HM Treasury 

Treasury urges savers to talk to an IFA

Treasury urges savers to talk to an IFA

As the ban on pension cold calling comes into force, City minister John Glen has recommended all savers seek independent advice.

From today (January 9) companies which make unwanted, unsolicited phone calls to people about their pensions may face enforcement action, including fines of up to £500,000.

Launching the ban, which was called for by IFA Darren Cooke of Red Circle Financial Planning, Mr Glen urged those trying to make sense of their savings to speak to an IFA.

Speaking about the ban, which came after research by the Money Advice Service suggested there could be as many as eight scam calls every second, Mr Glen said: "Pension scammers are the lowest of the low.
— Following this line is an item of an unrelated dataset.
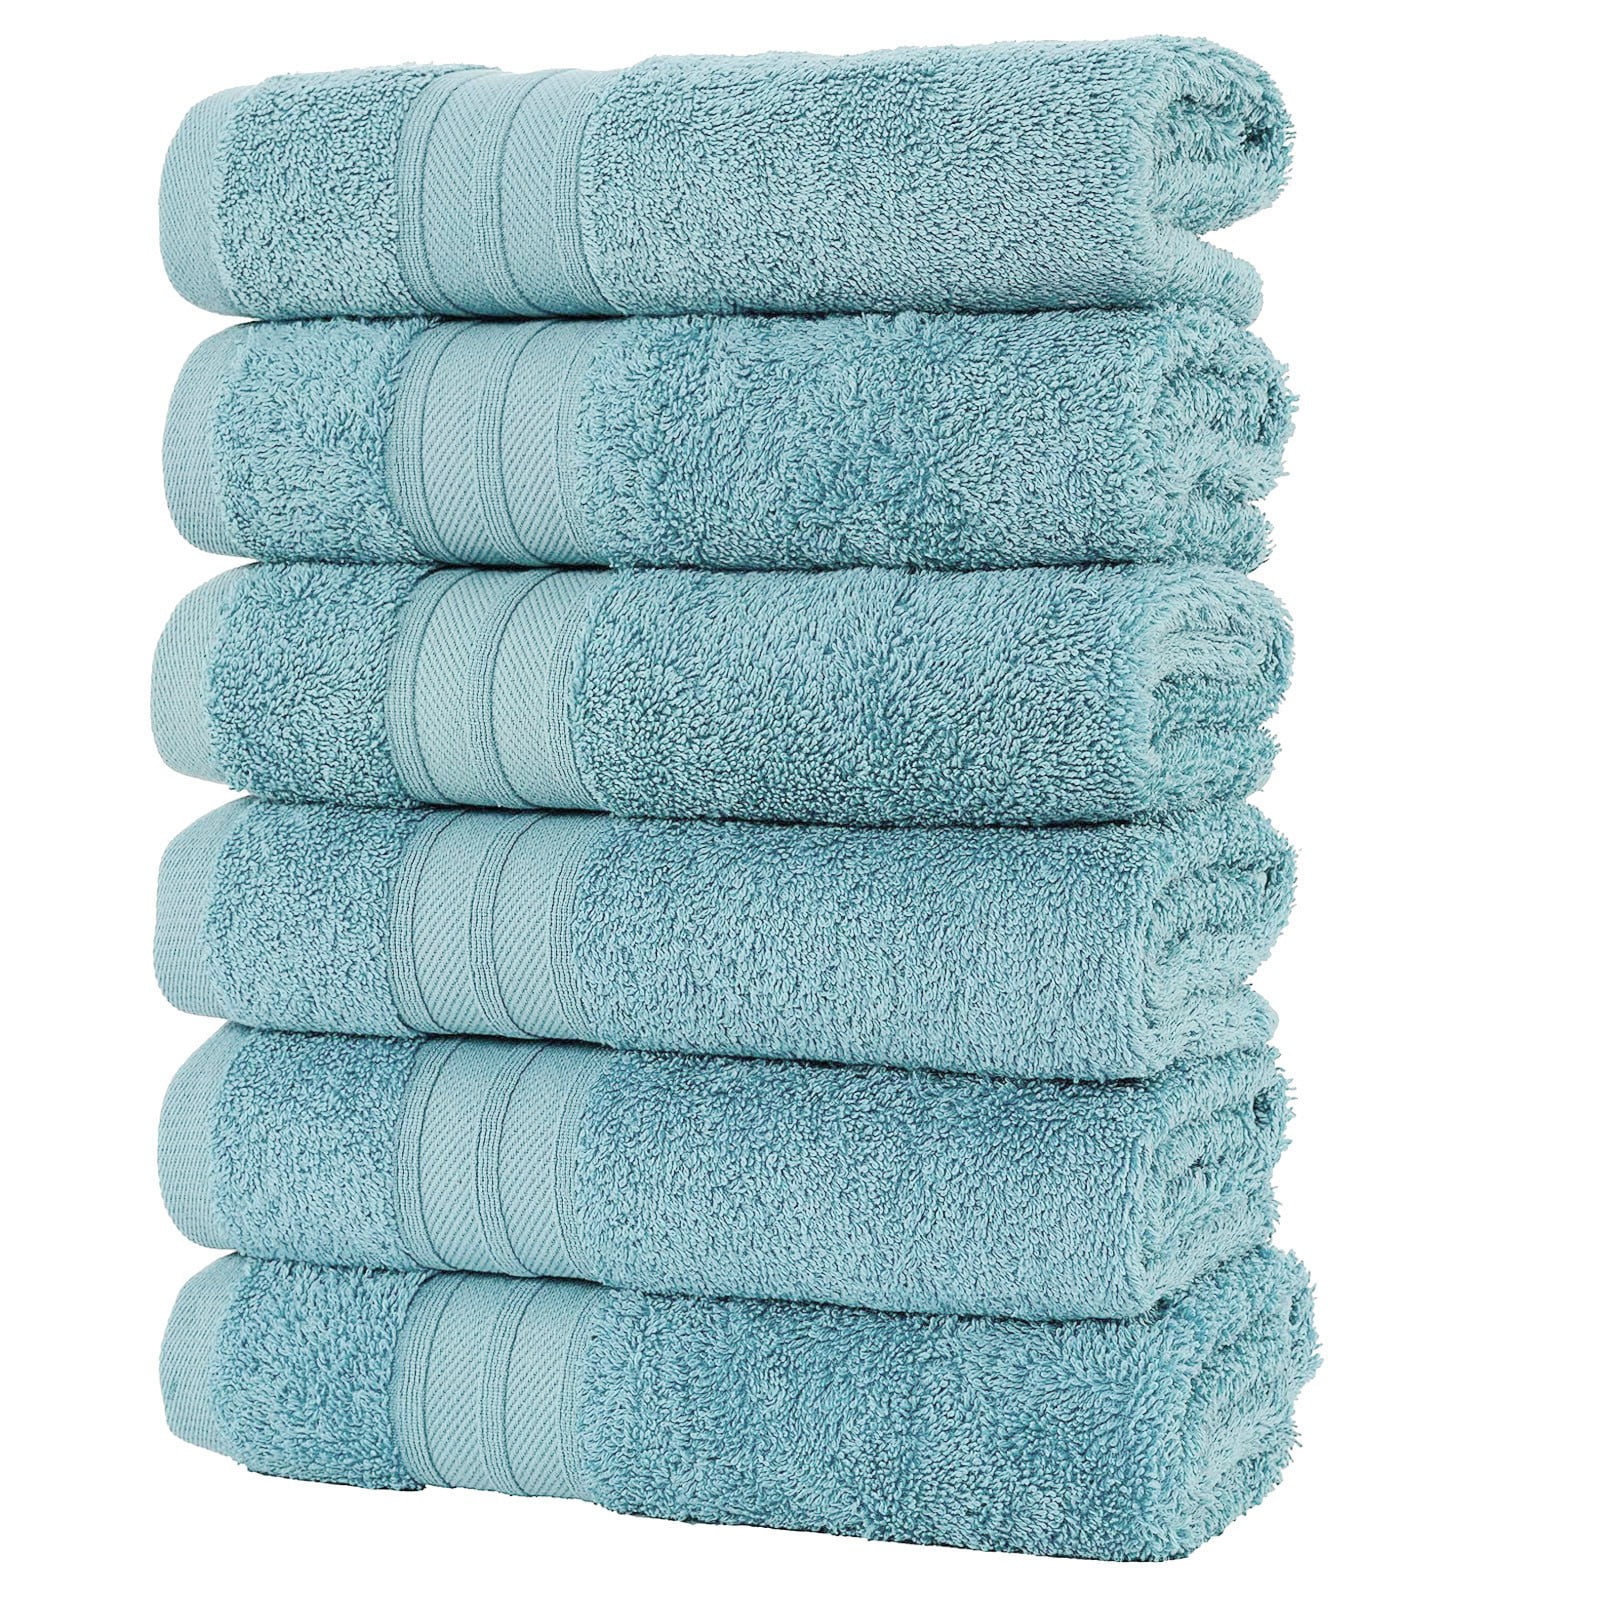 6X Hand Towels Soft Cotton Fluffy Thick Multipurpose Towel Set 600 GSM Quick Dry

"They rob savers of their hard-earned retirement and devastate lives. We know that cold-calling is the pension scammers’ main tactic, which is why we’ve made them illegal.    

"If you receive an unwanted call from an unknown caller about your pension, get as much information you can and report it to the Information Commissioner’s Office.

"I'd also urge all savers to seek independent advice if you’re thinking about making an important financial decision."

Garry Heath, director general of Libertatum, said Mr Glen should be praised for promoting independent advice.

He said: "I wish the FCA was as keen to promote advice. The issue is if those who need advice were to seek it (even if they were willing to pay) would the sector have the capacity to serve them?"

In 2016 Neil Liversidge, managing director of Yorkshire-based West Riding Personal Financial Solutions, provided his help pro-bono to a man who lost nine tenths of his pension savings after being cold called.

Mr Liversidge said: "I absolutely welcome the cold-calling ban and am very happy that Mr Glen is urging the public to seek independent financial advice."

According to the FCA, pension scammers stole on average £91,000 from each victim last year.

Lesley Titcomb, chief executive of The Pensions Regulator, said: "The cold-calling ban sends a very clear message - if anyone calls you about your pension, it’s an attempt to steal your savings.

"The ban draws a line in the sand for scammers. Cross it and you should expect to be prosecuted."

The ban prohibits cold-calling in relation to pensions, except where the caller is authorised by the FCA, or is the trustee or manager of an occupational or personal pension scheme, and where the recipient of the call consents to calls, or has an existing relationship with the caller.